◆ What you have to do: Set down every line from the one with "Width: 11.5" to the end of the entries, both ends included, exactly as it reads and without pictures.

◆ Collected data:
++++
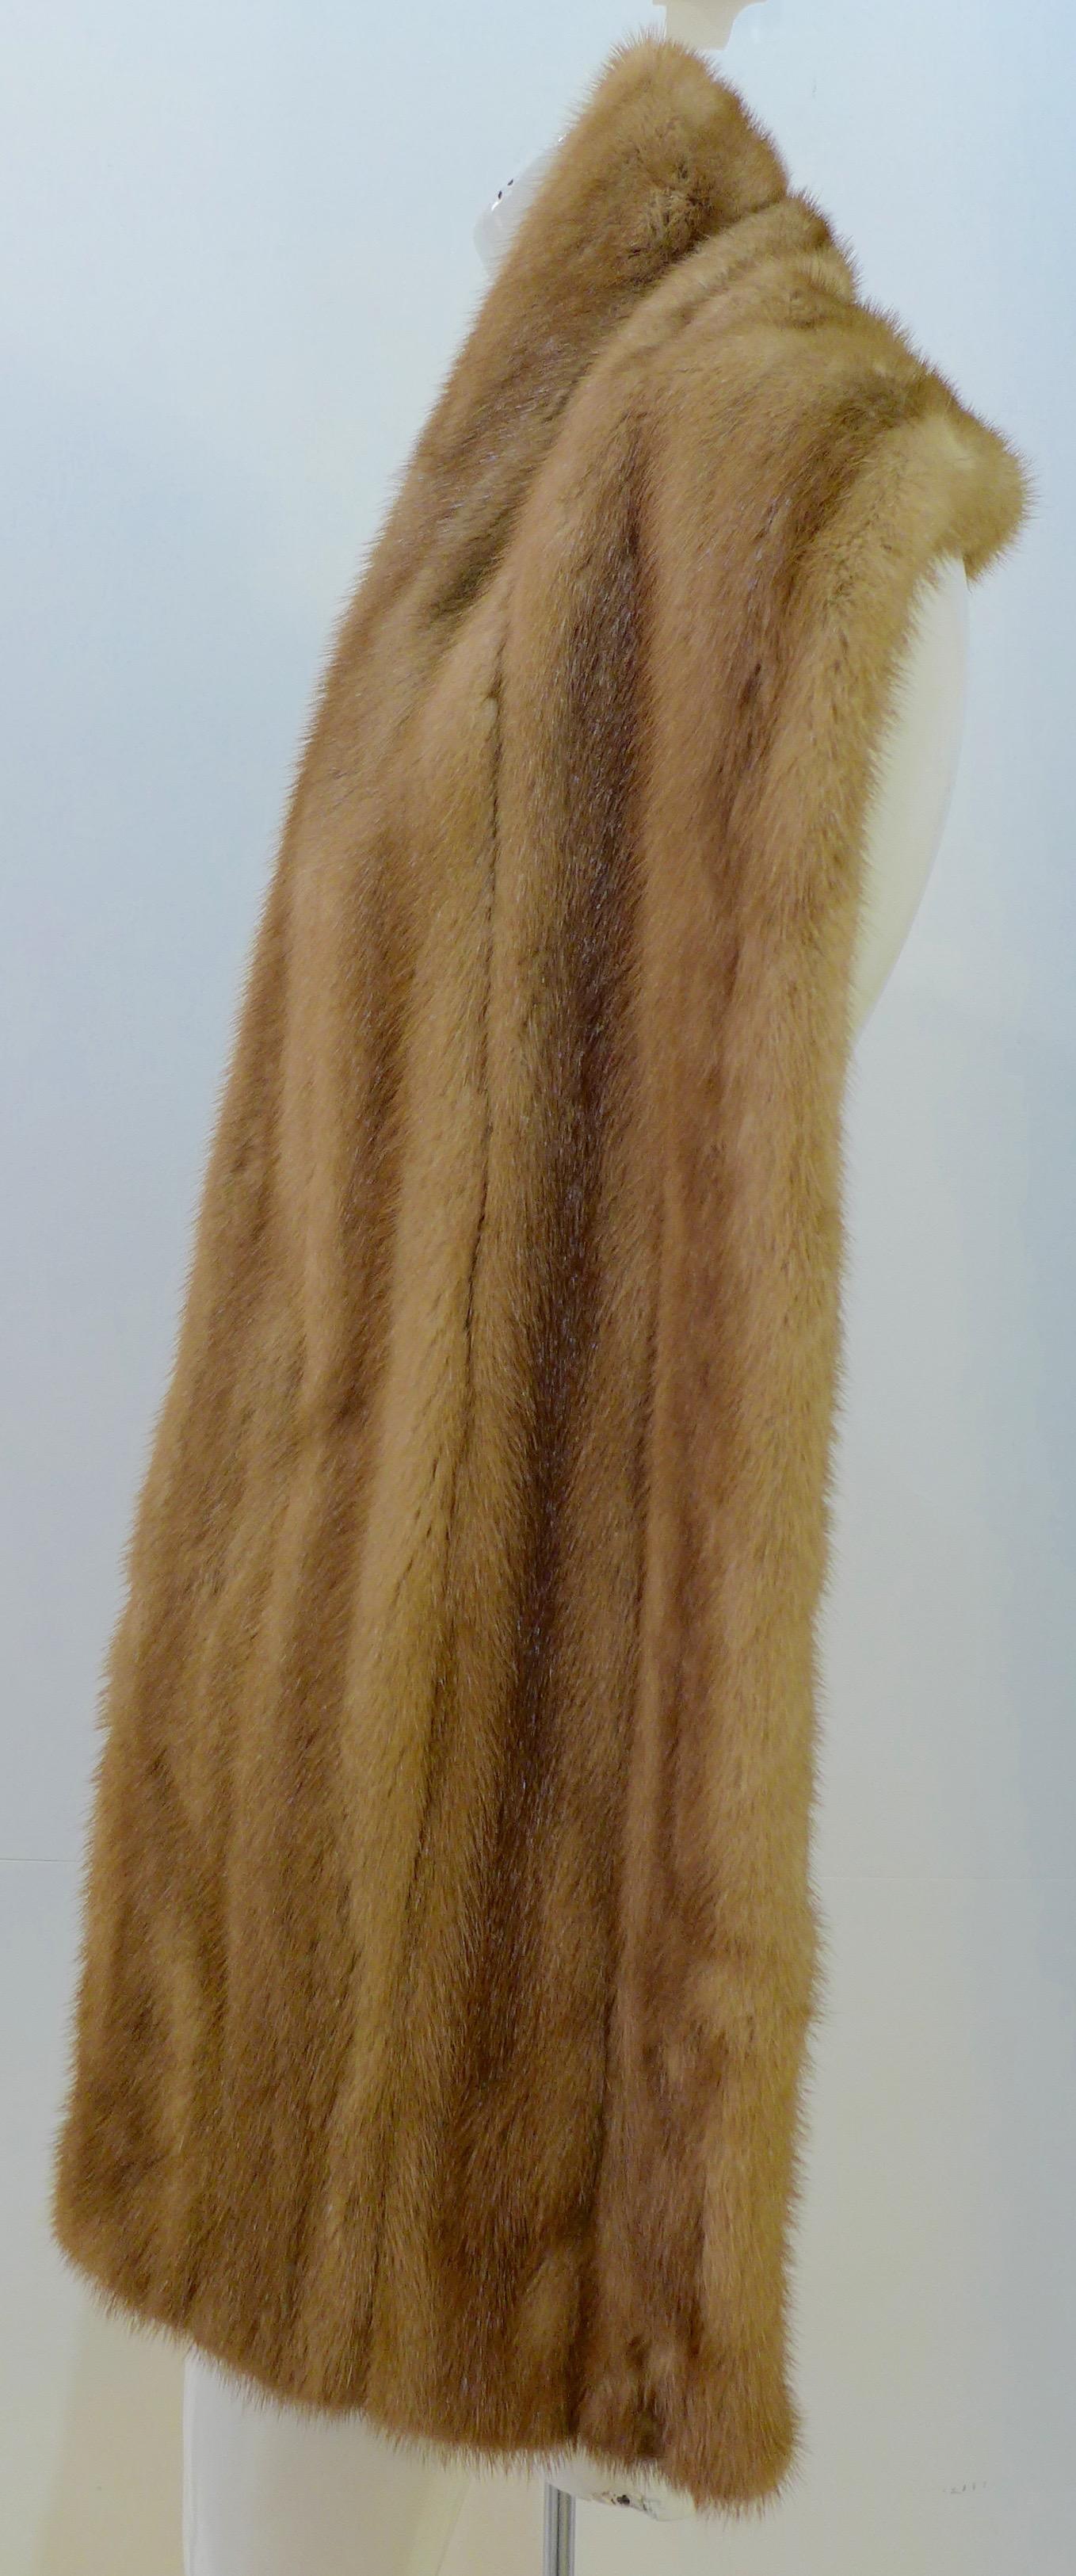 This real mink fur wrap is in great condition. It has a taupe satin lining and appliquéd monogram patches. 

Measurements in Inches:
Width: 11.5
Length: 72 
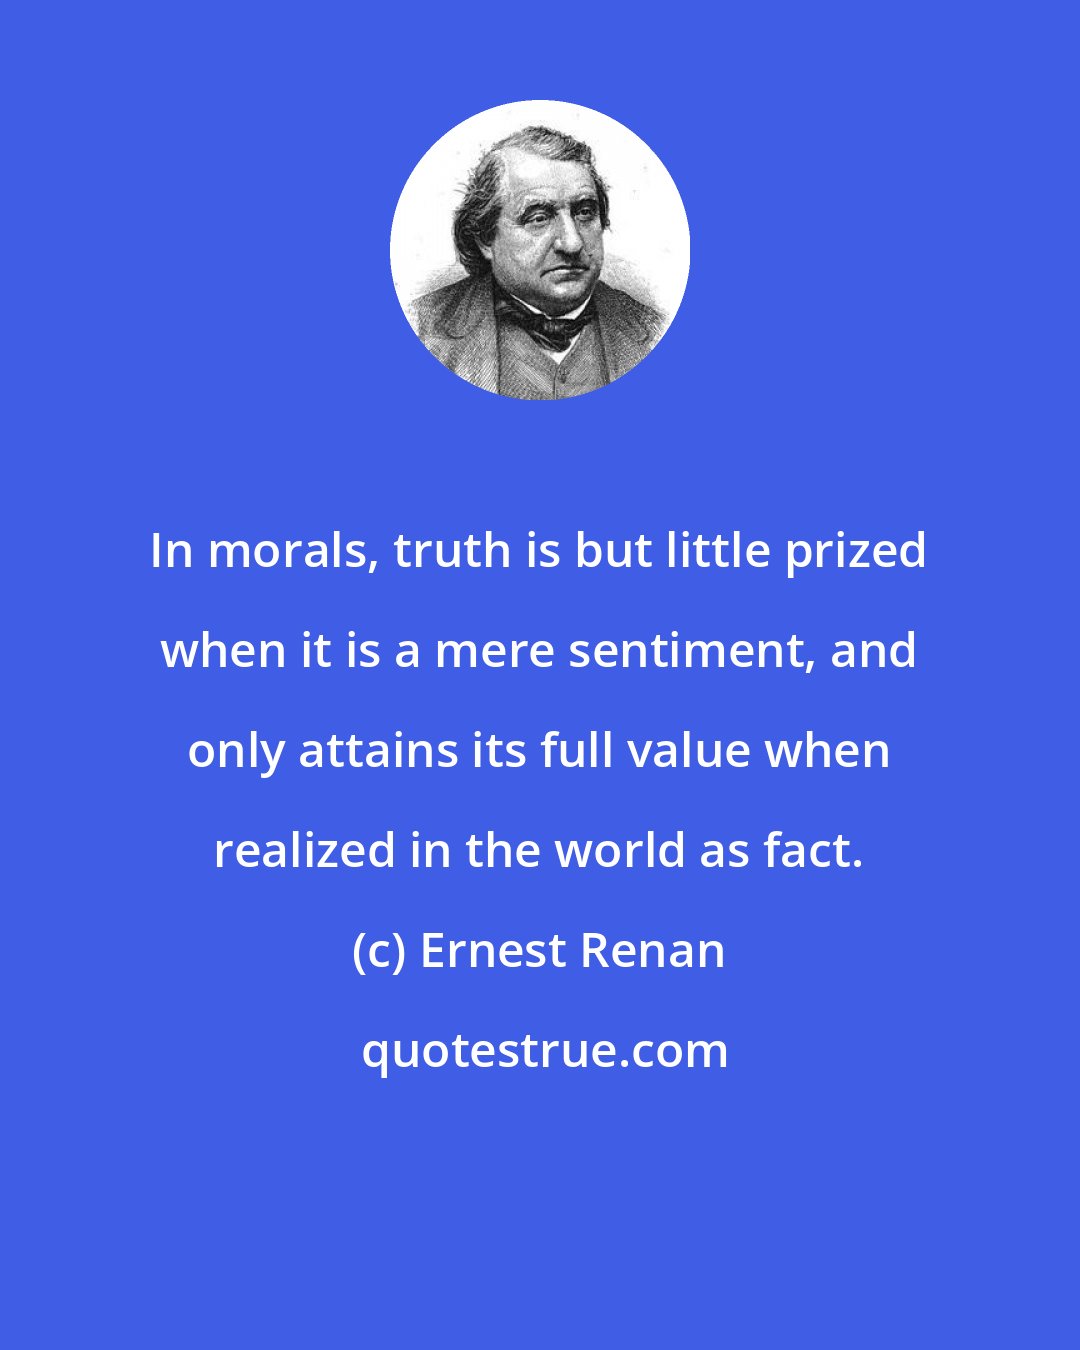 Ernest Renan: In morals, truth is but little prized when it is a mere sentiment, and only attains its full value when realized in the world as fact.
++++
◆ Your solution:
Width: 11.5
Length: 72 
 Ernest Renan: In morals, truth is but little prized when it is a mere sentiment, and only attains its full value when realized in the world as fact.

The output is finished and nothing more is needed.